Elijah asked the following via SOCNET mailing list:

I was wondering if anyone knew of a script or tool which would give me the network distance of nodes to a particular class of nodes.  I think of this as an Erdos number, except instead of getting the distance to one node, I want the distance to the closest node of a particular class.  Let’s say I have a network of people and I know their professions.  Some are Students, some are Journalists and a small number are Engineers.  I’d like to be able to find out the network distance of each node to the closest Engineer node. It would be particularly useful if the script also had the option to total edge weight into the calculation.

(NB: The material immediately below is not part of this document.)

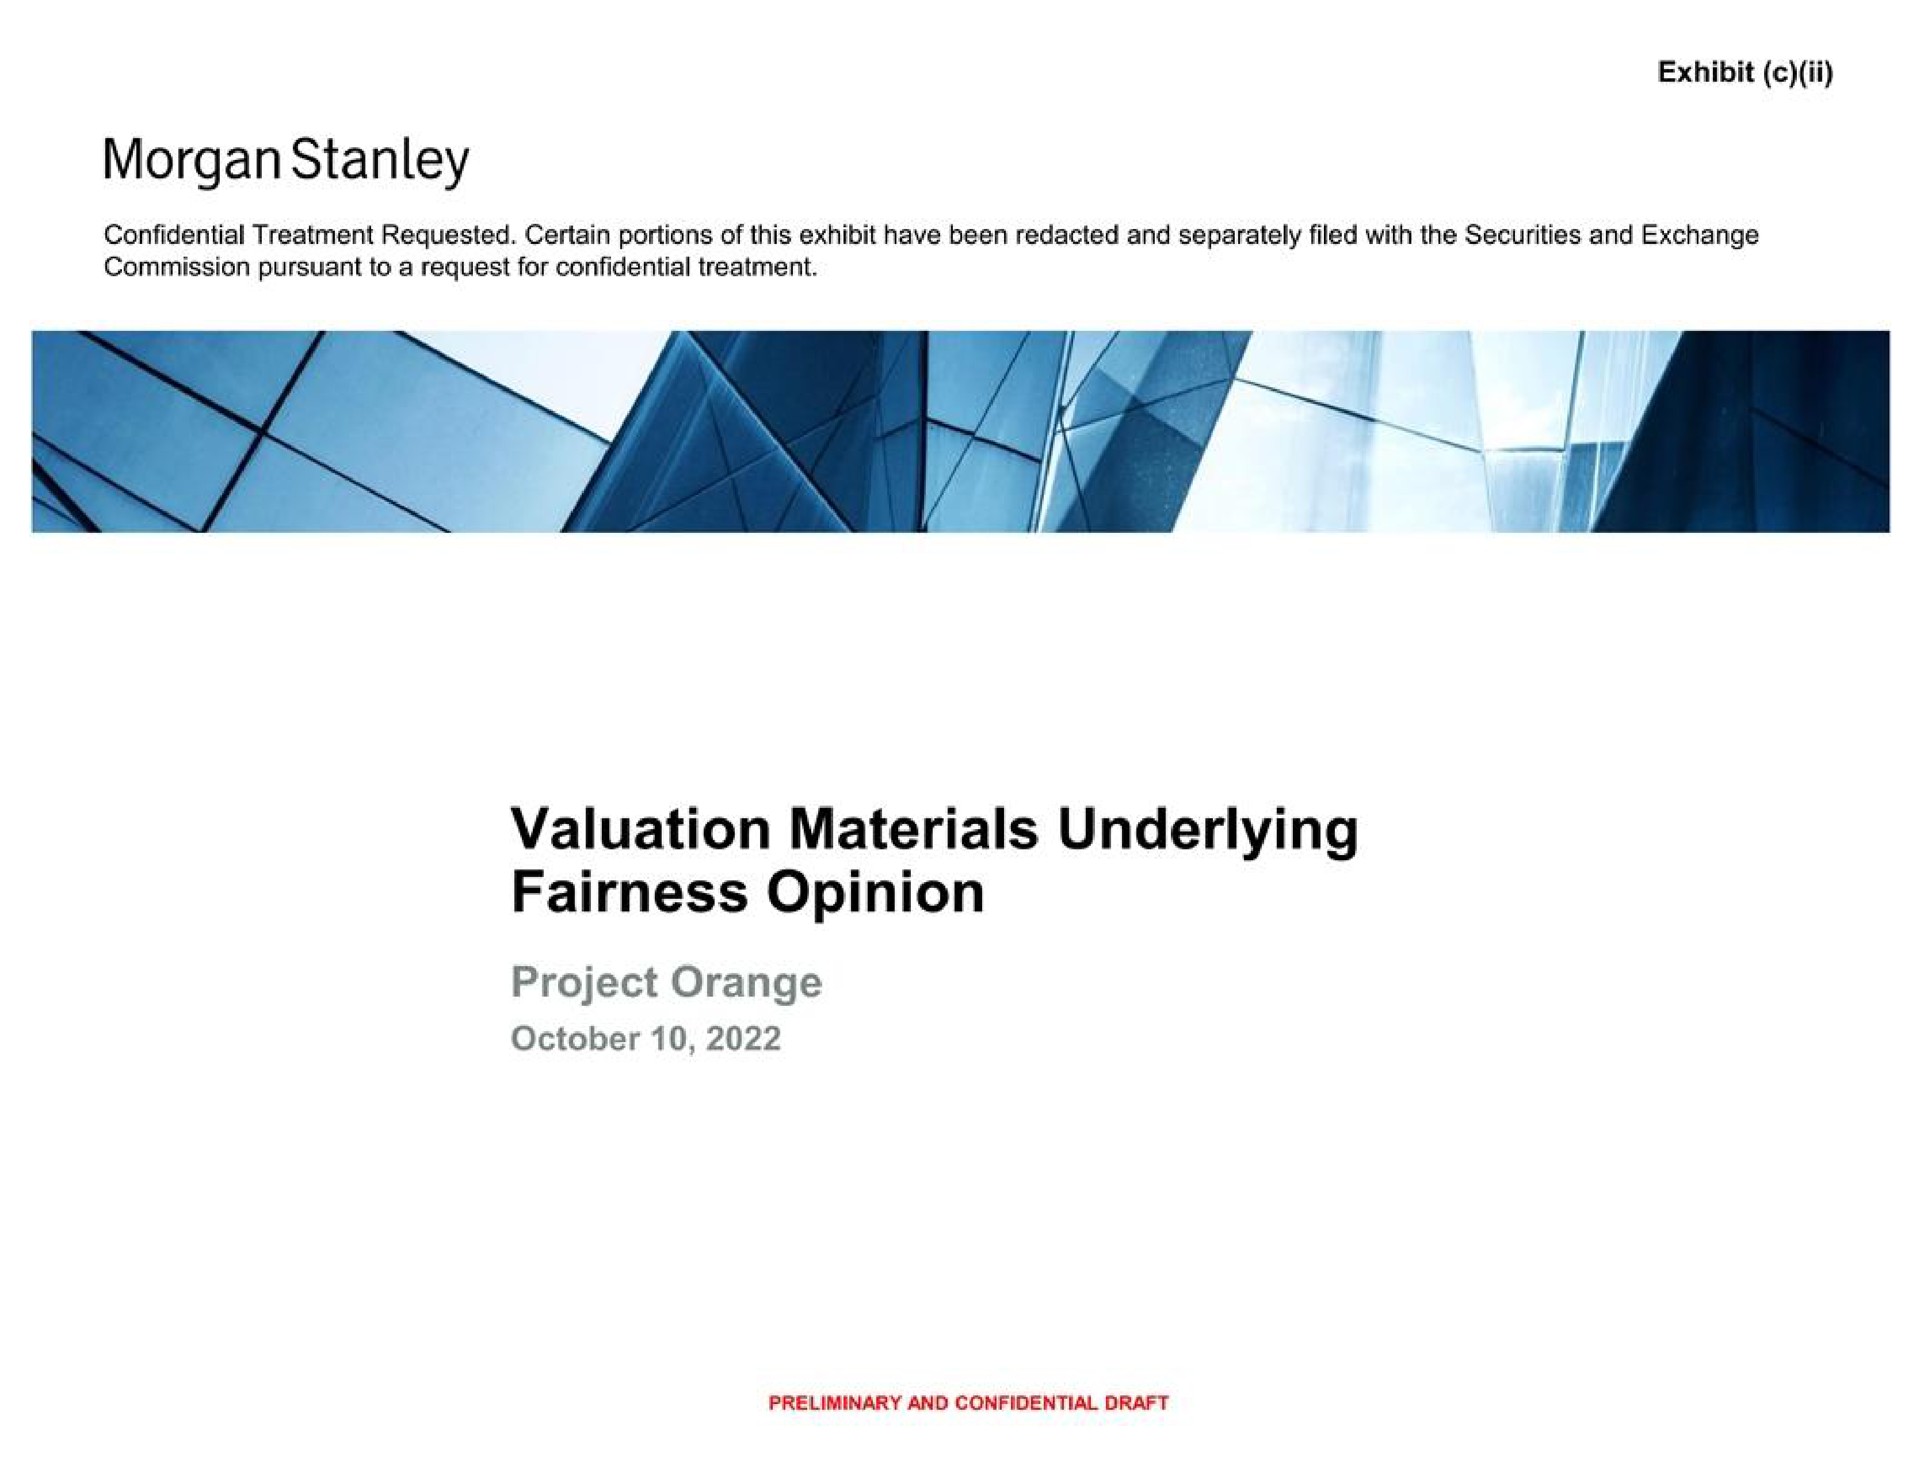 morgan exhibit valuation materials underlying fairness opinion project orange | Morgan Stanley

If you get your network data into R it is fairly straightforward to do this using igraph package. Here is the function:

# shortest paths to nodes with a specified value on certain node attribute
spnt <- function(g, aname, avalue, weights=NULL, ...)
{
  require(igraph)
  stopifnot(inherits(g, "igraph"))
  a <- get.vertex.attribute(g, aname)
  m <- shortest.paths(g, v=V(g)[a==avalue], weights=weights, ...)
  apply(m, 2, min)
}

It assumes that ‘g’ is a network (object of class ‘igraph’), ‘aname’ is a name of the node attribute, ‘avalue’ is the value of the attribute ‘aname’ that designates the nodes to/from which we would like to calculate distances, finally ‘weights’ can be optionally used to include weights in the calculation (as a numeric vector).

The function will return a vector of distances in ‘g’ from all the nodes to the closest node that have a value ‘avalue’ on attribute ‘aname’.

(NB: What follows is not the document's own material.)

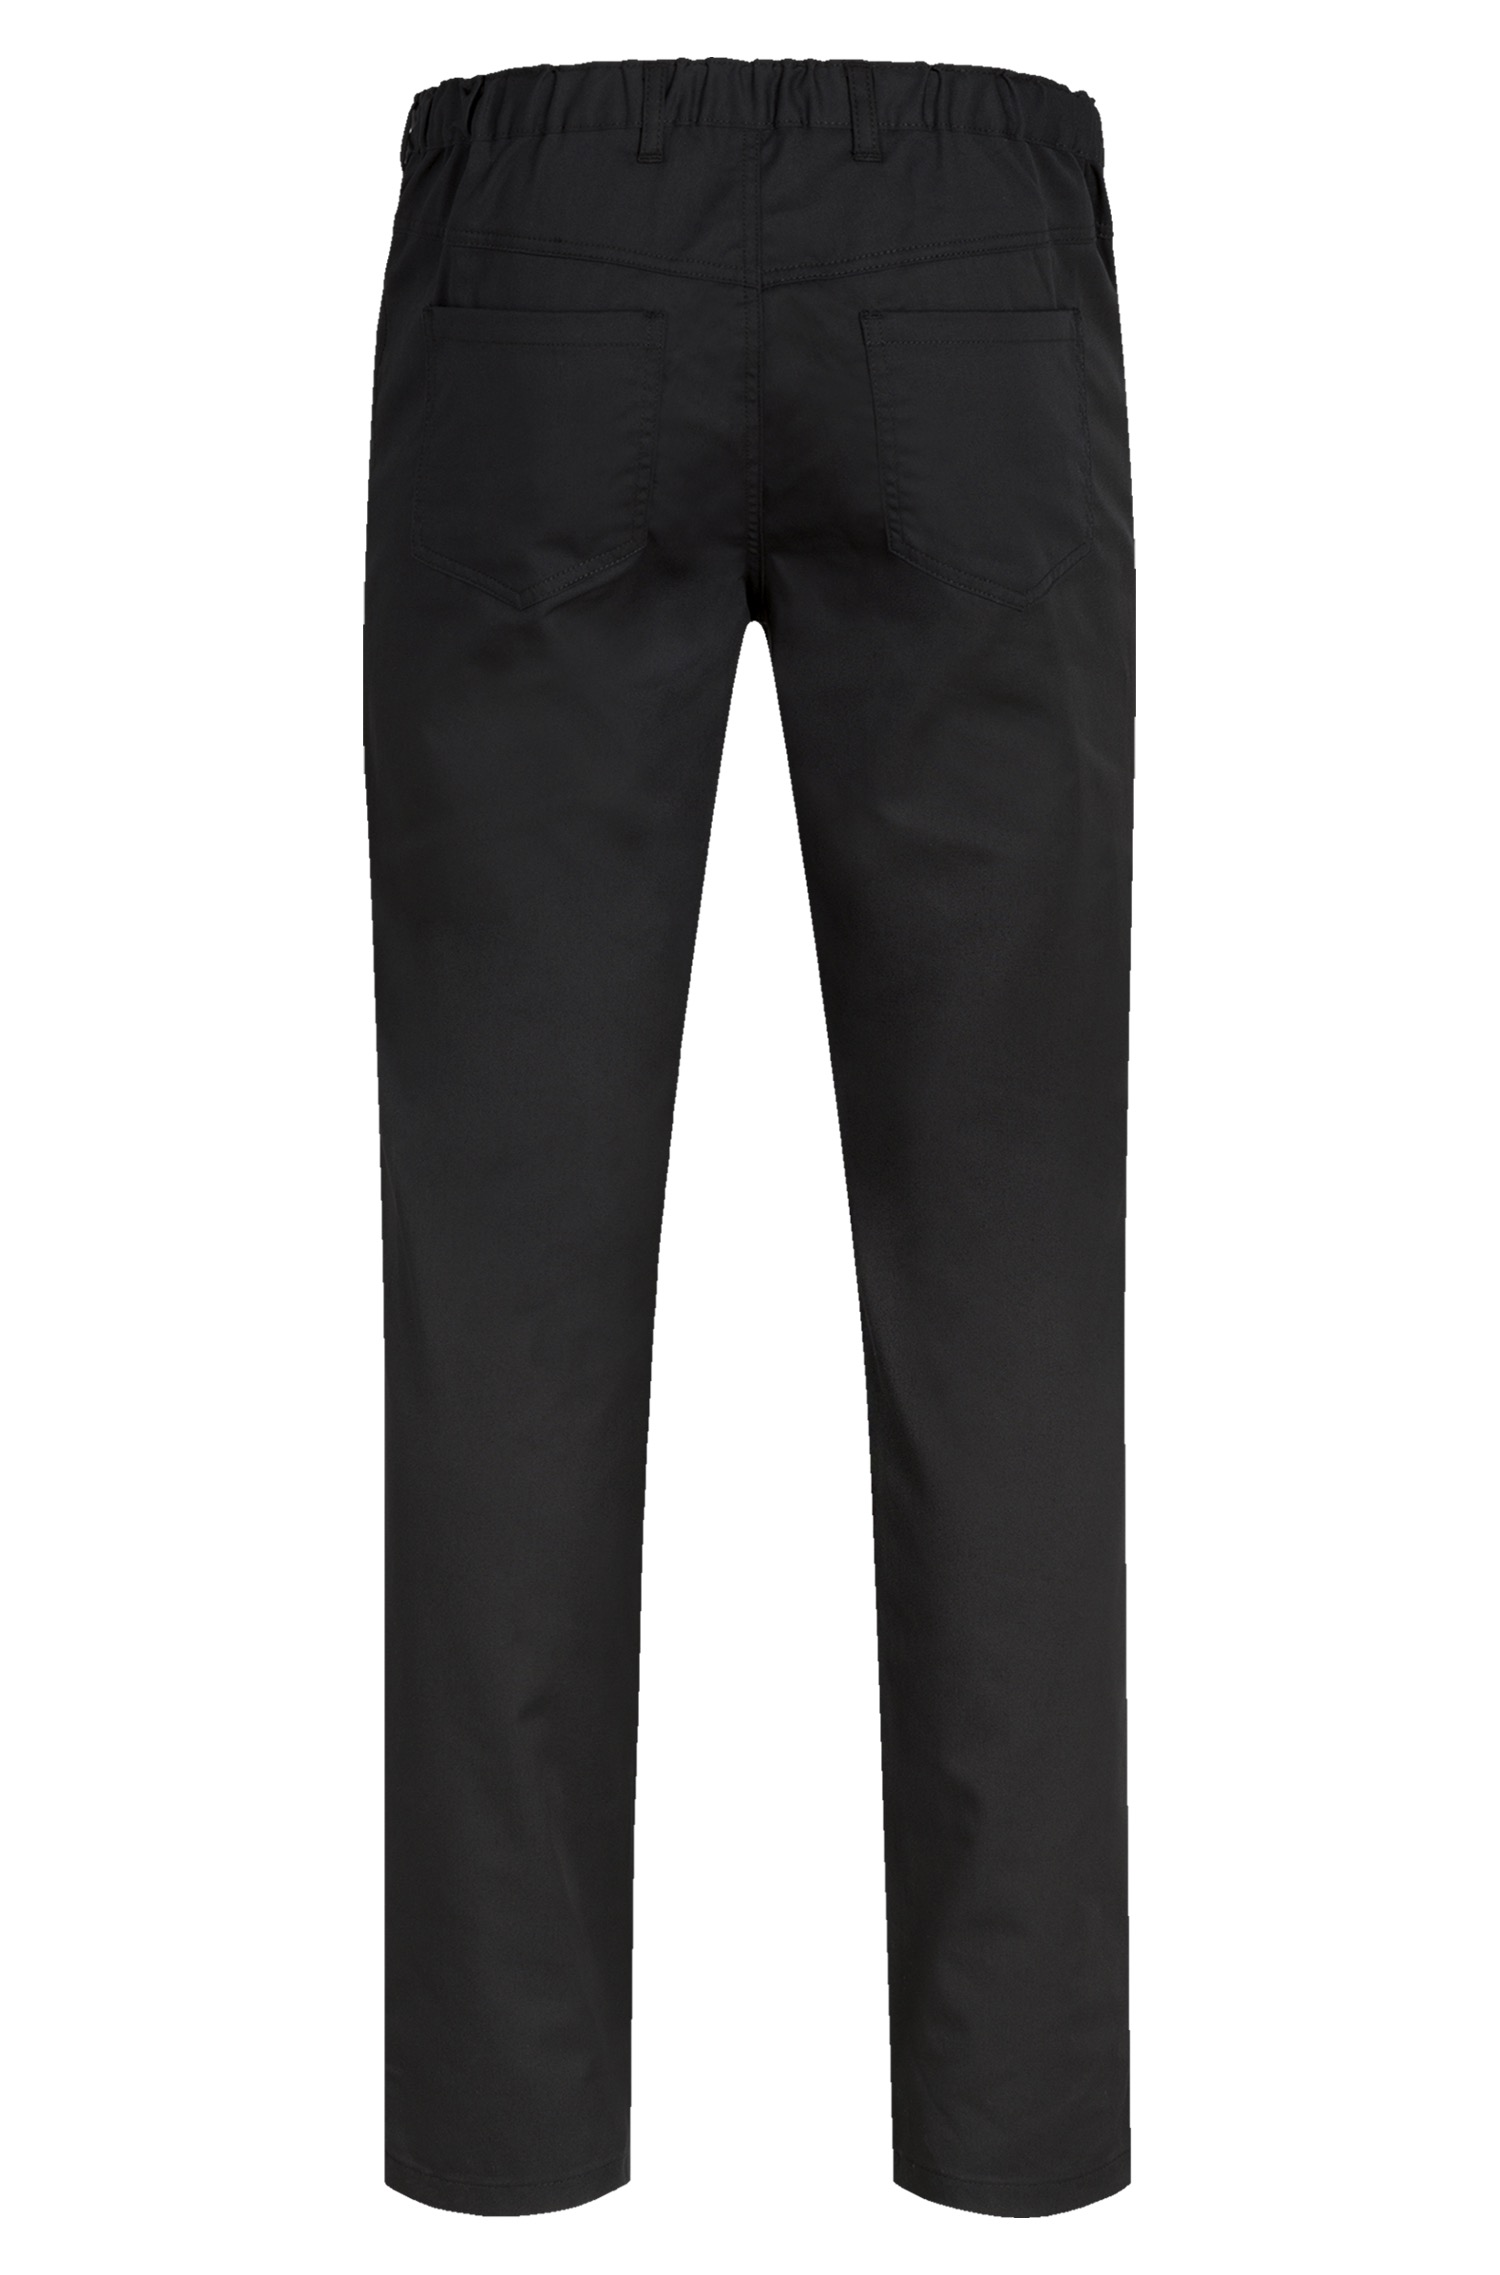 Men's Trousers Regular Fit 5321 Green Button Greiff® Black 56

As an example consider the network below. It is undirected and has 15 nodes. It has two attributes defined: a node attribute called “color” having values “orange”, “lightblue”, and “lightgreen”, and an edge attribute called “w” with values 1 or 2. Both attributes are shown in the picture as a node color and edge label. The numbers on the nodes are node ids.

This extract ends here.